**Requirement**: Only the lines from the one containing "raster version business" through the last line of the data below belong in your answer, copied exactly and without pictures.

**Given data**:
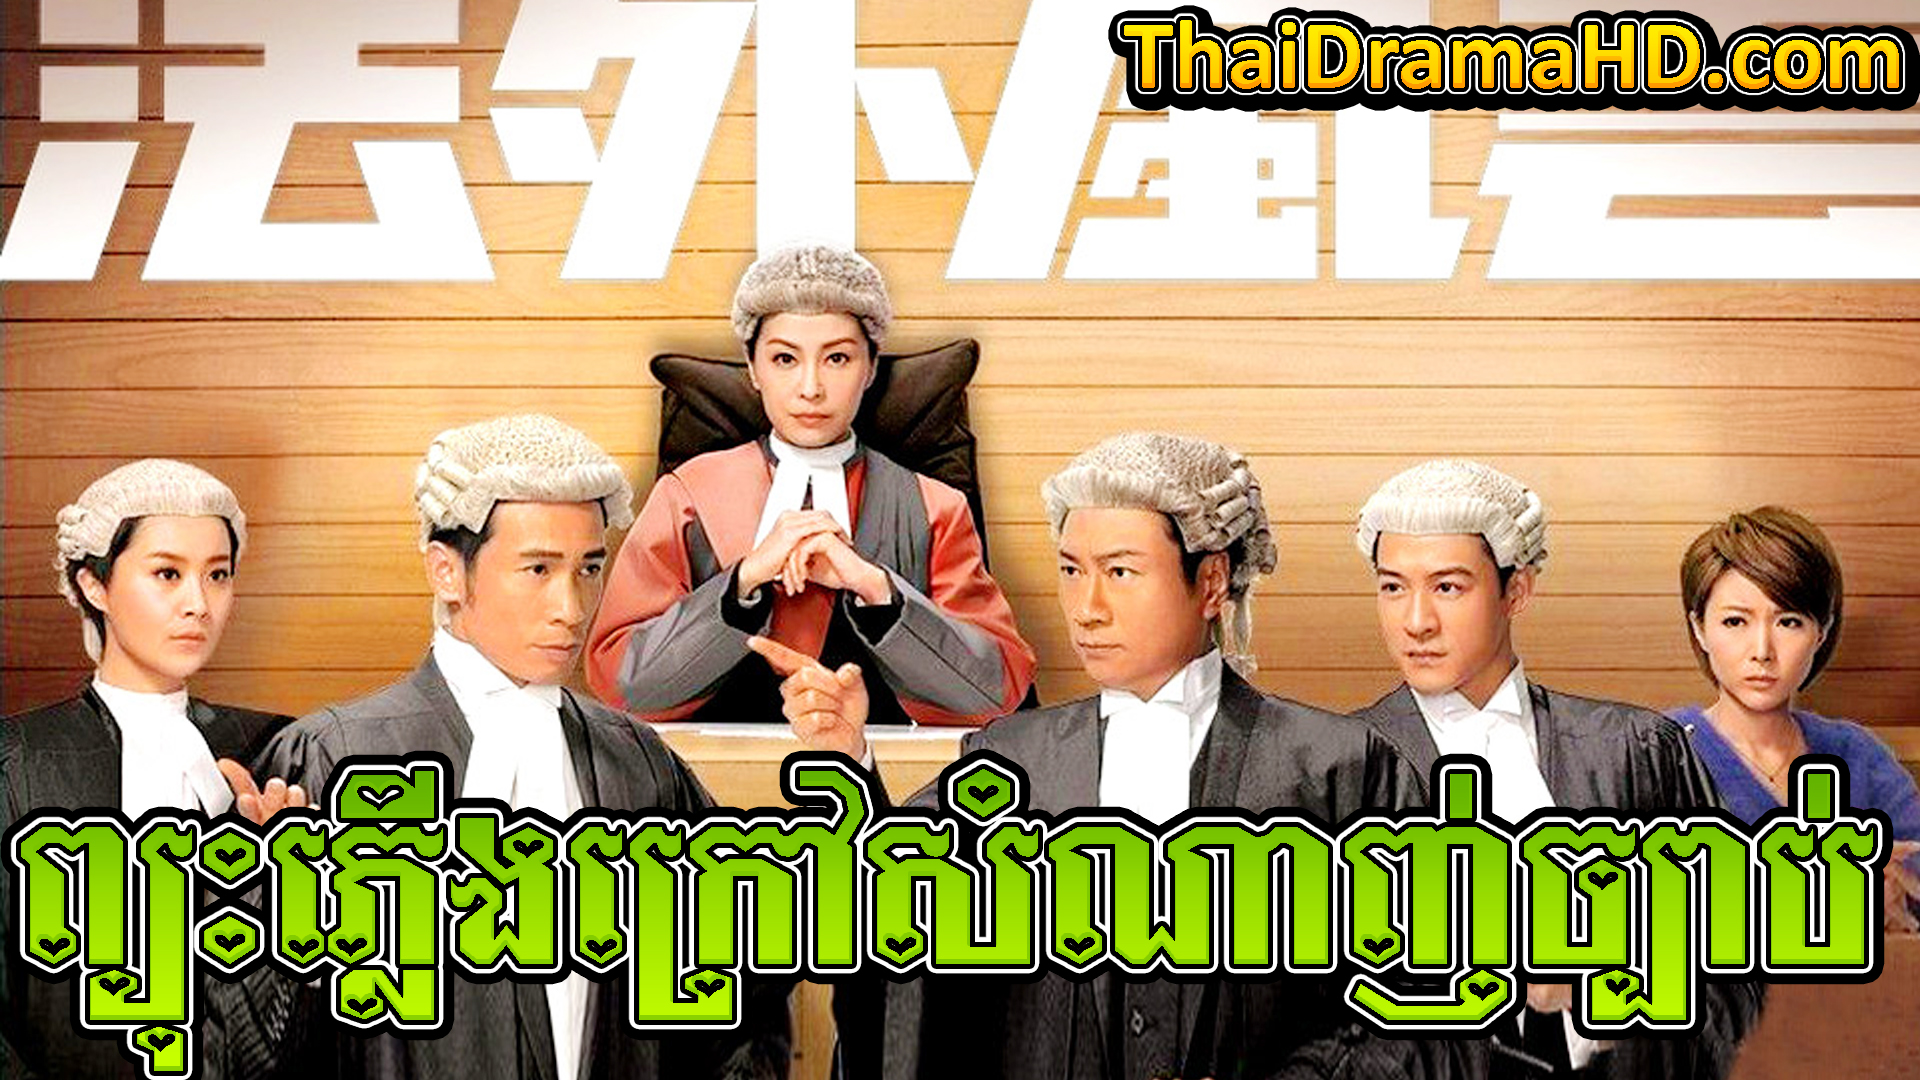 Phyouh Phleung Krao Samnanh Chbab | Thai Drama | Khmer Movie | Phumikhmer | movie-khmer | video4khmer | khmotions | kolabkhmer | khmer drama | ksdrama | cookingtips | roscheat | khmertimeskh | khmerkomsan | phumi7 | merlkon | film2us | movie2kh | sweetdrama | khmercitylove | khreplay | tvb cambodia drama | ckh7 | srokthai | phumimedia | phumi8 | khmer avenue | khmer search | Soyo | khmerfans
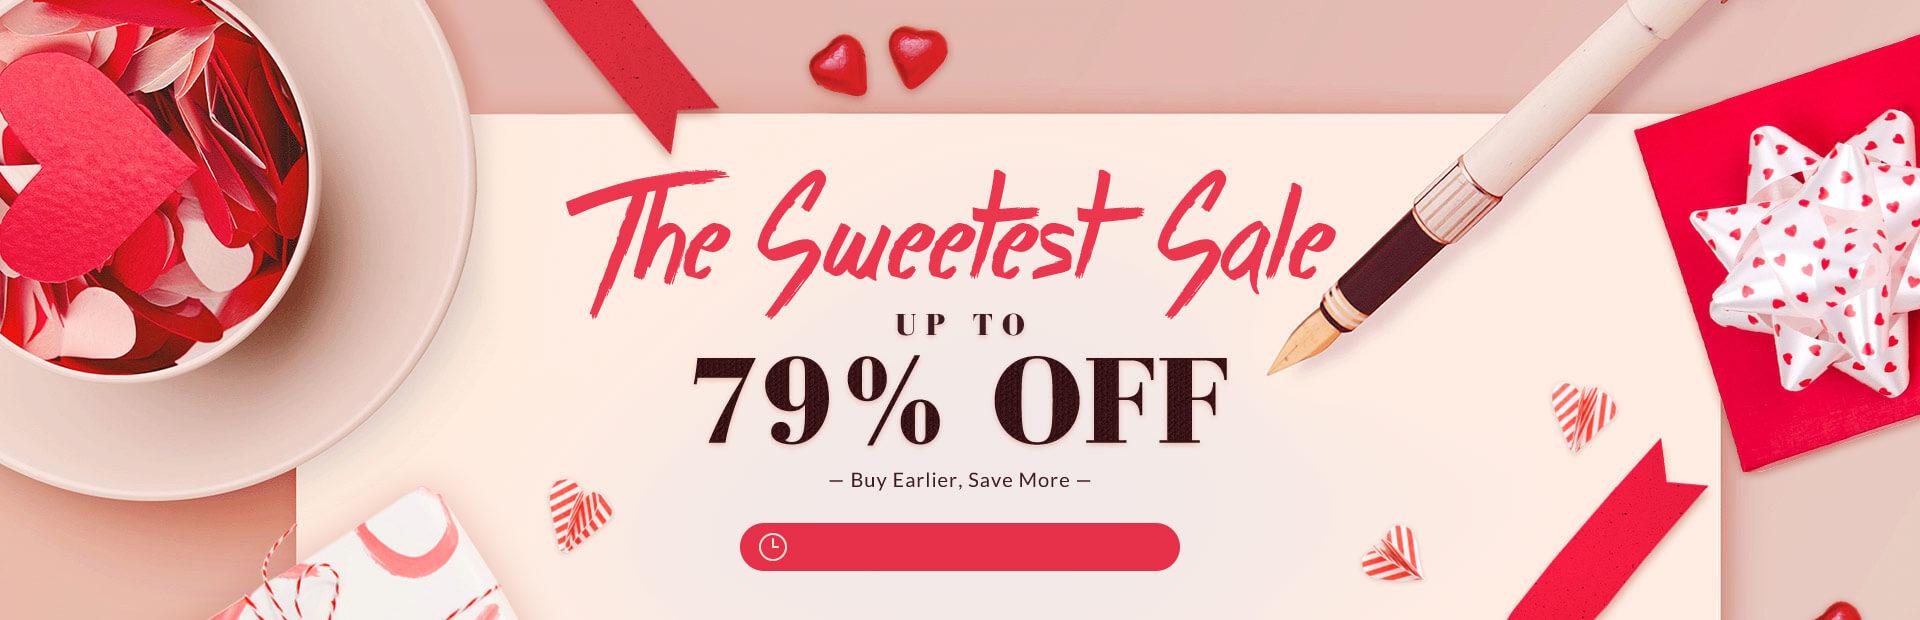 https://css.rglcdn.com/imagecache/RG/special/valentine_high/images/enbanner1.jpg
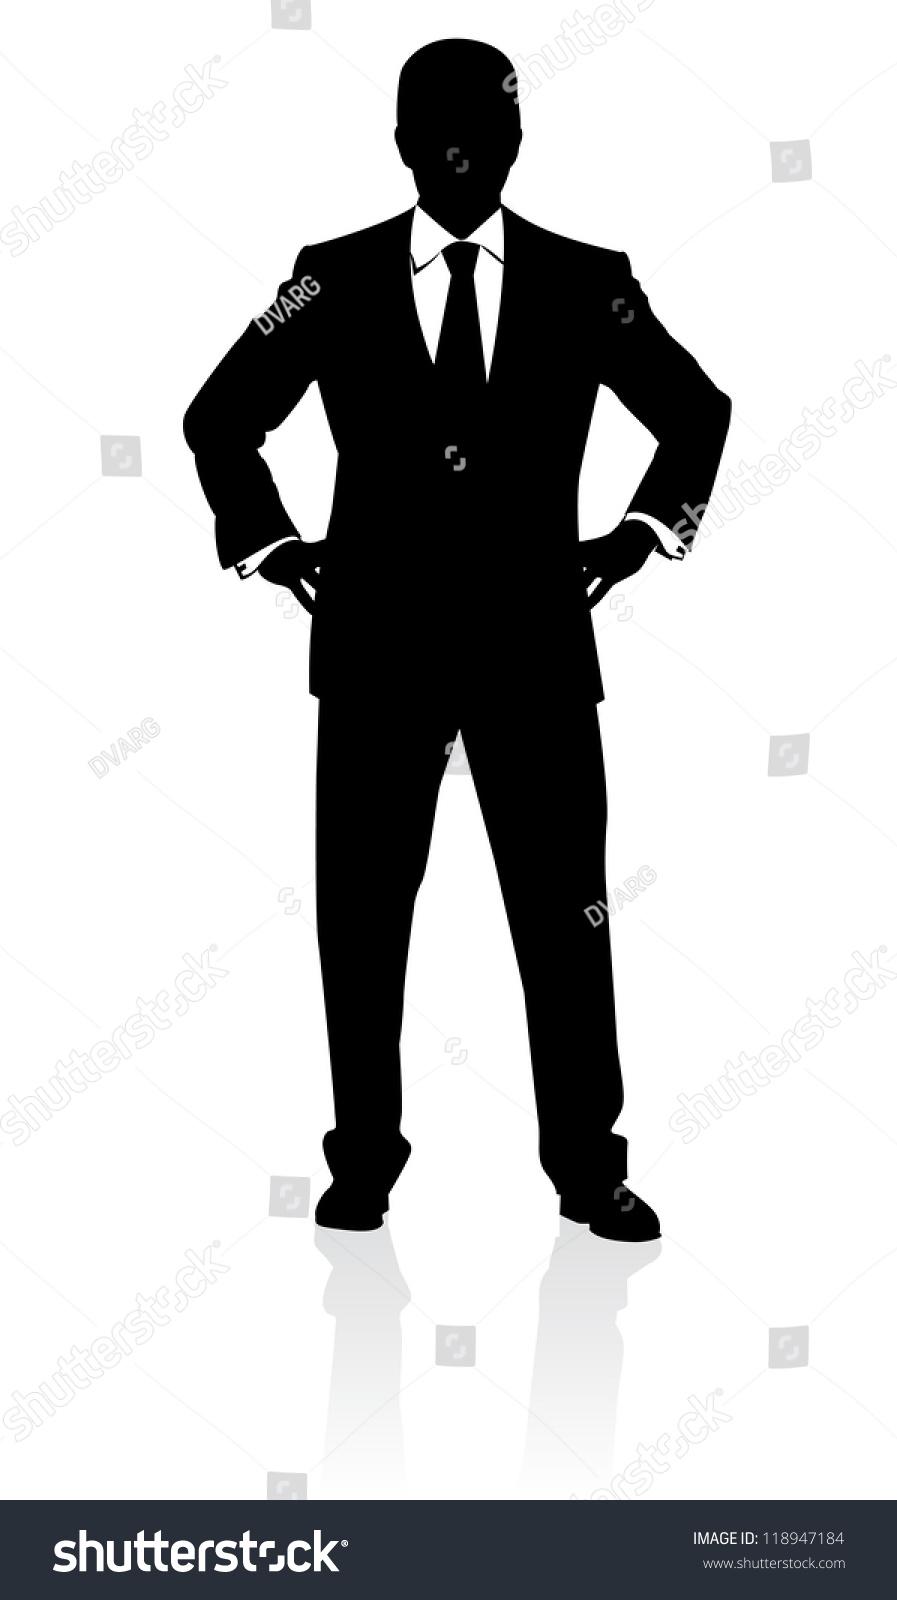 raster version business man suit tie stock illustration
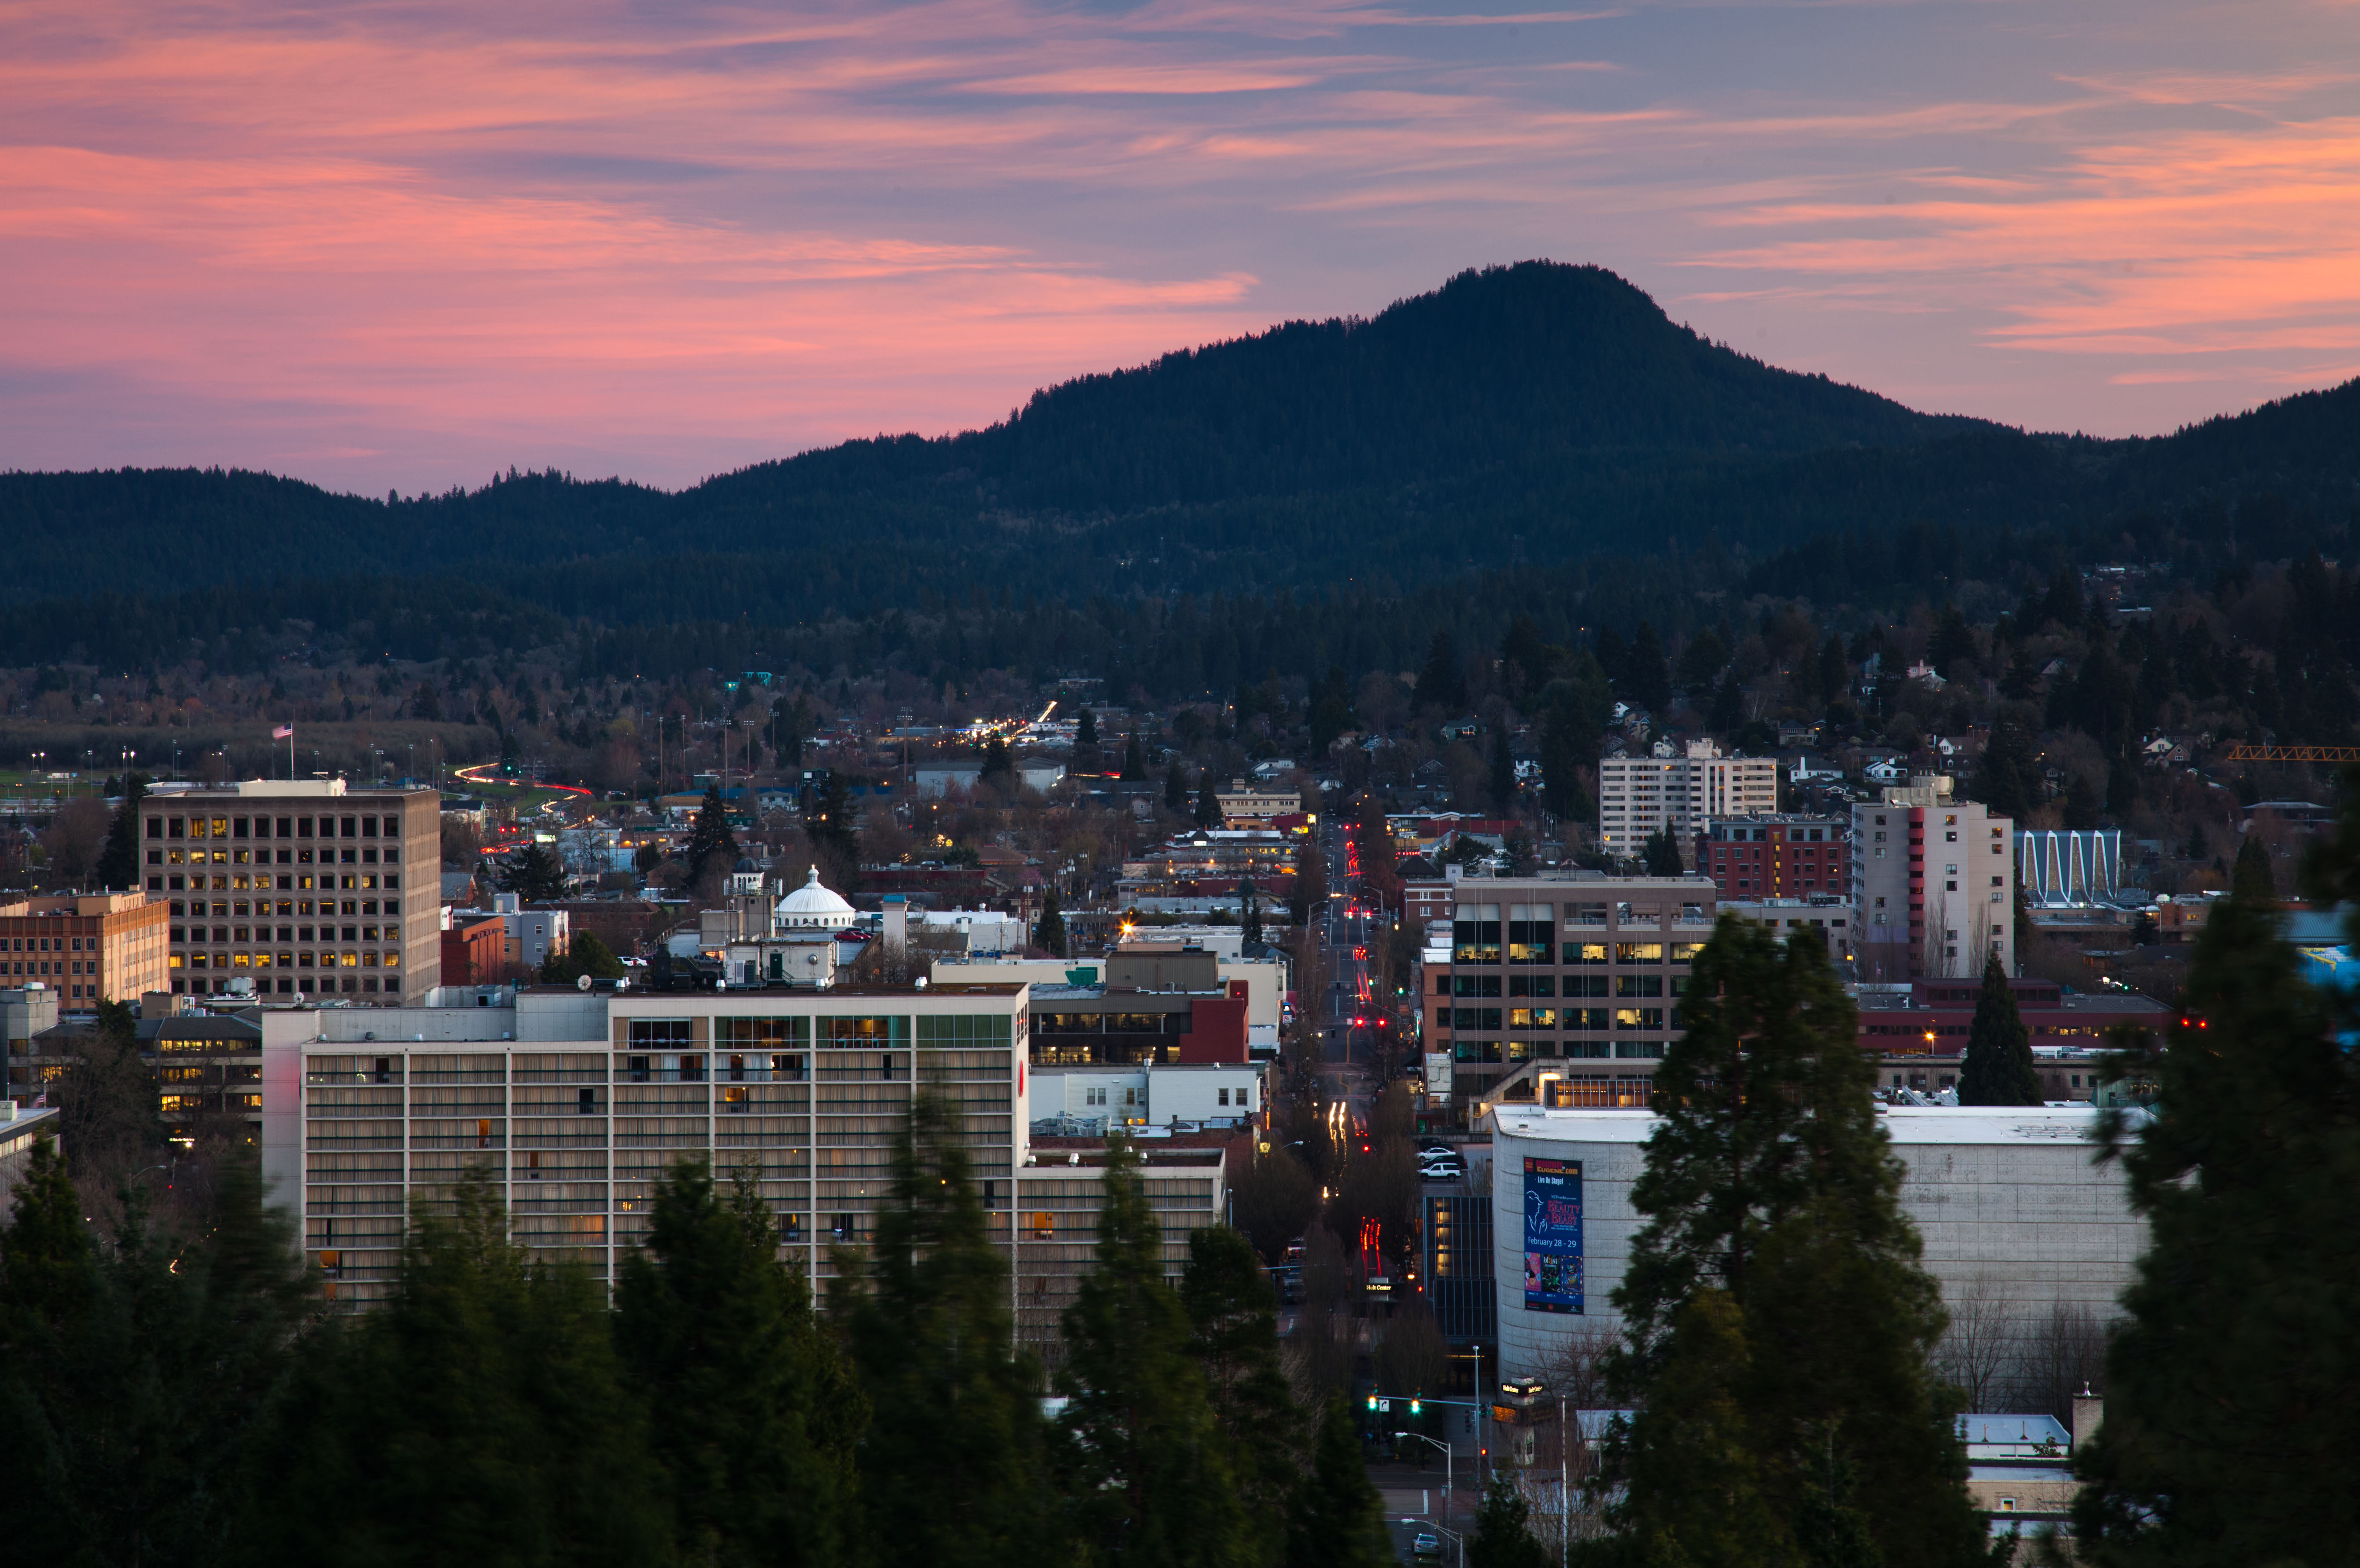 Eugene Cityscape at Dusk by Jeff Green

**Answer box**:
 raster version business man suit tie stock illustration
 Eugene Cityscape at Dusk by Jeff Green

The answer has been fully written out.